## Recorded information
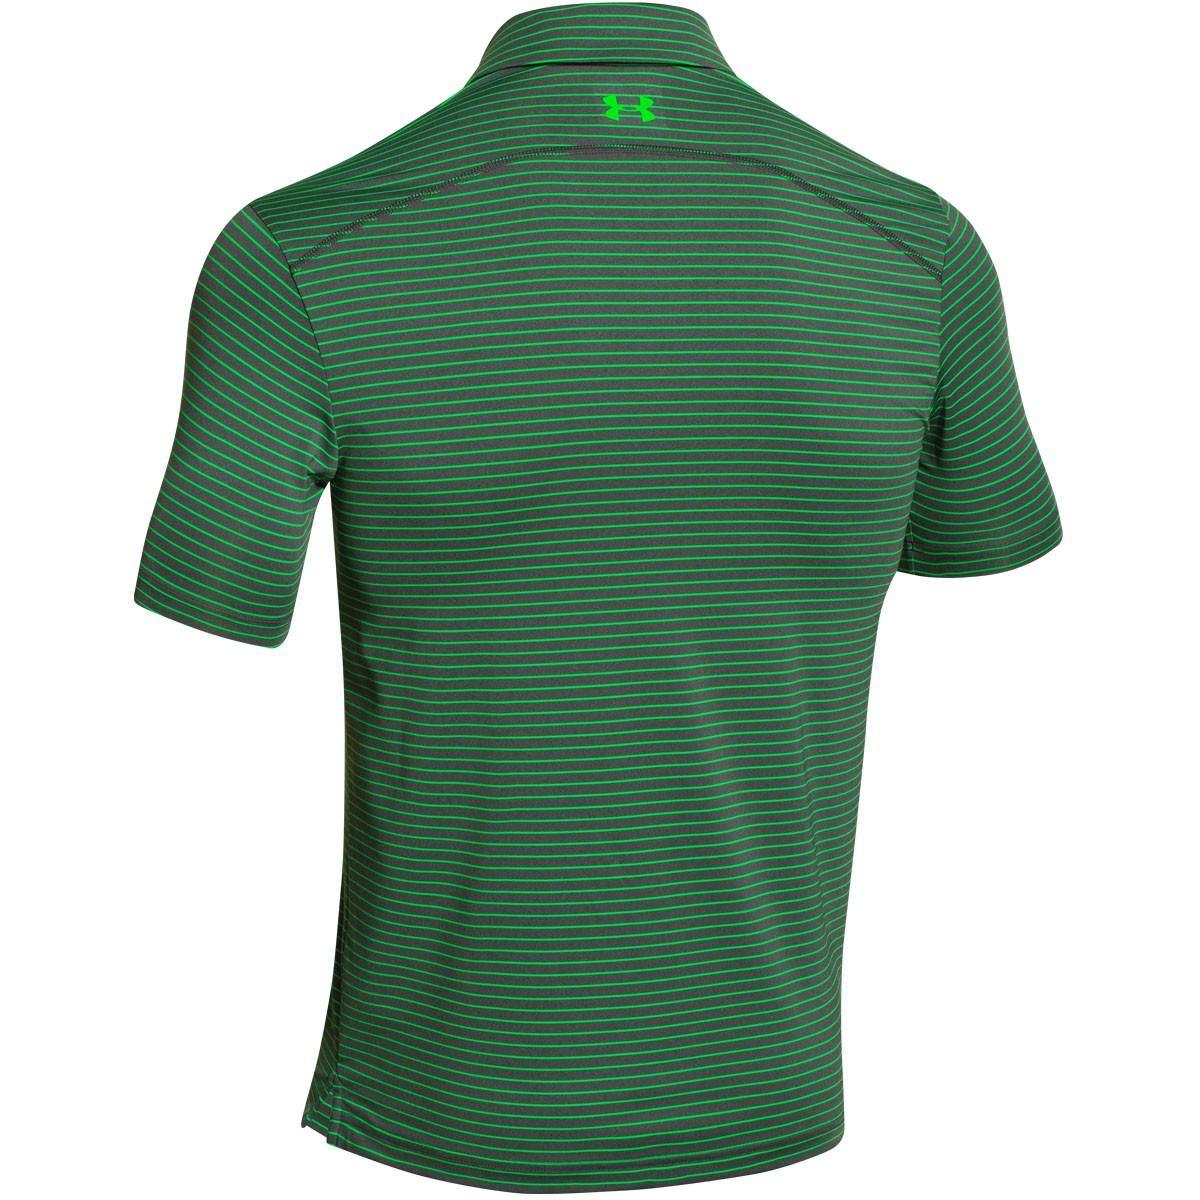 86d9b52f7ab camisa under armour polo playoff - 1253479-091. Carregando zoom.
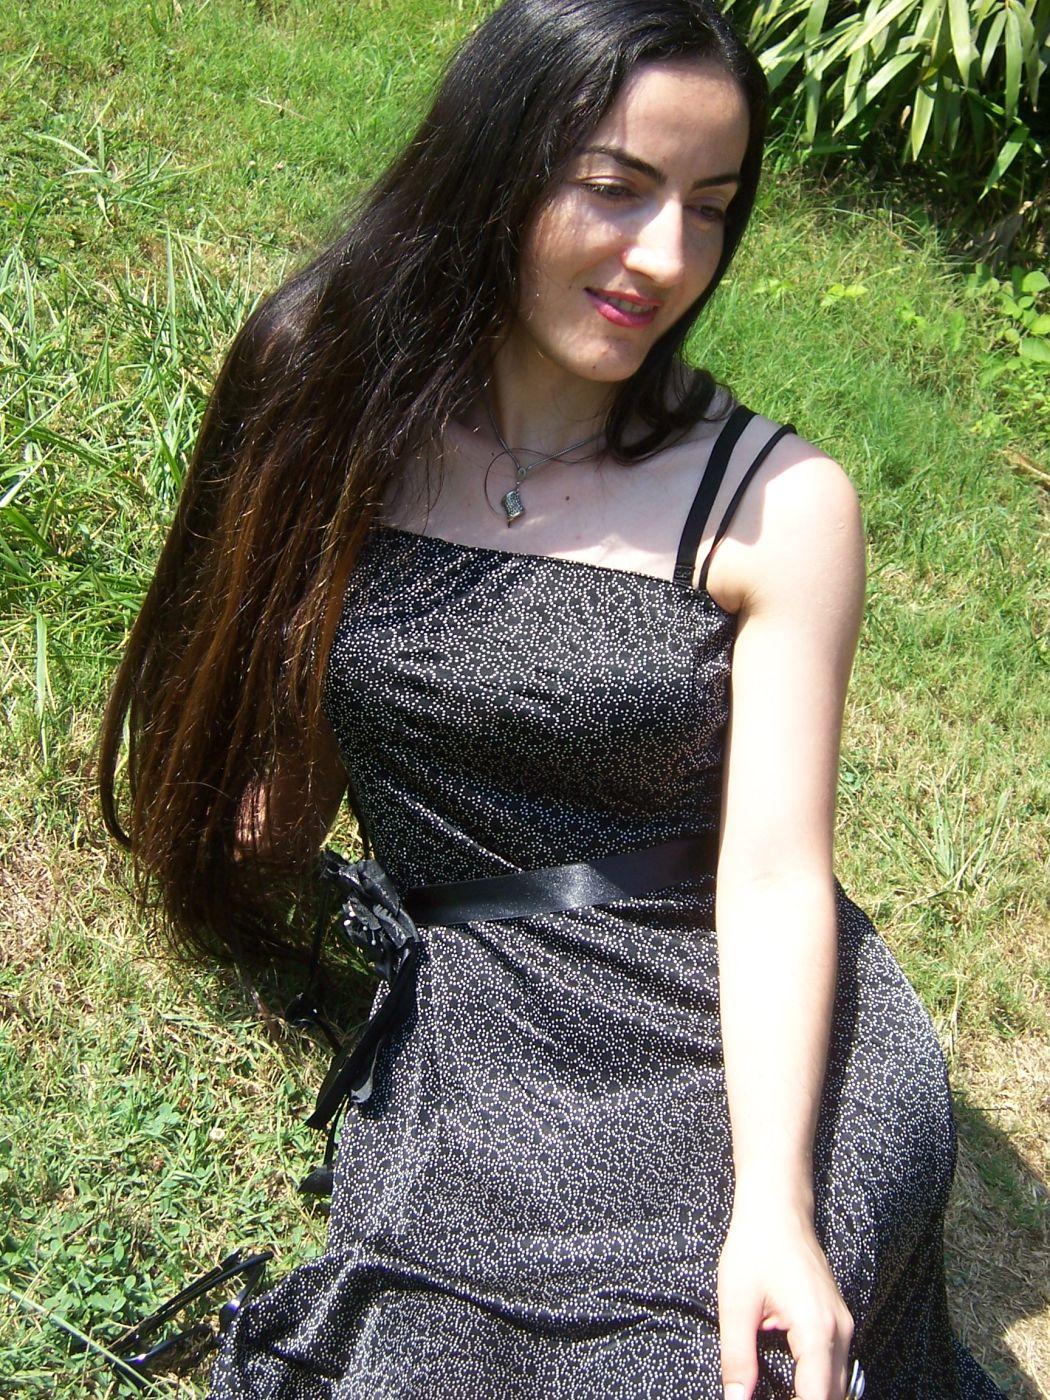 Ataturk_Arboretum_Mamy_Me_Menice-017
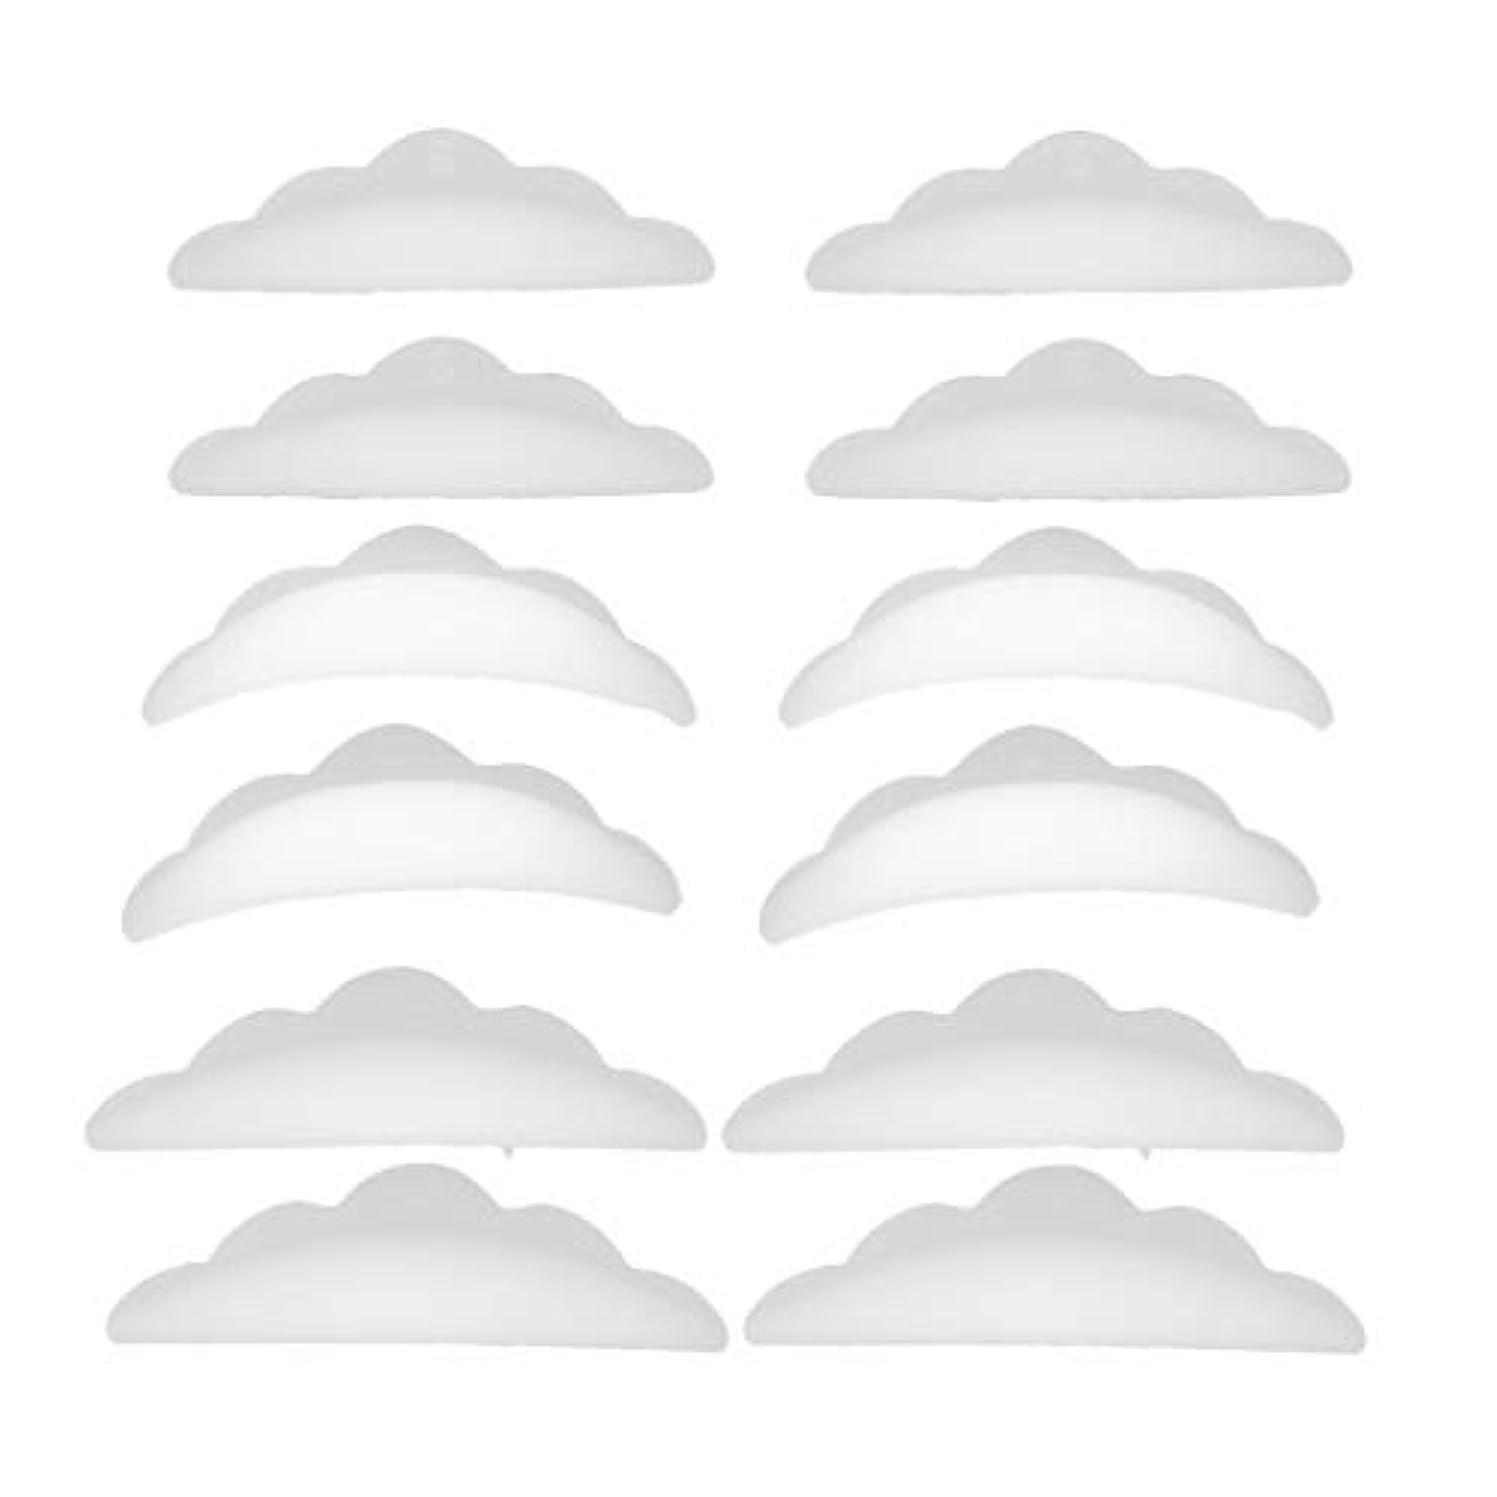 征服おもてなしドラフトまつげパーマ シリコンパッド まつげパッド メイクアップアーティスト アクセサリー 約12本入り

## Required work
Quote precisely the lines of the data from the line containing "Ataturk_Arboretum_Mamy_Me_Menice-017" through its final line, both included, excluding pictures.

## Result for this exercise
 Ataturk_Arboretum_Mamy_Me_Menice-017
 征服おもてなしドラフトまつげパーマ シリコンパッド まつげパッド メイクアップアーティスト アクセサリー 約12本入り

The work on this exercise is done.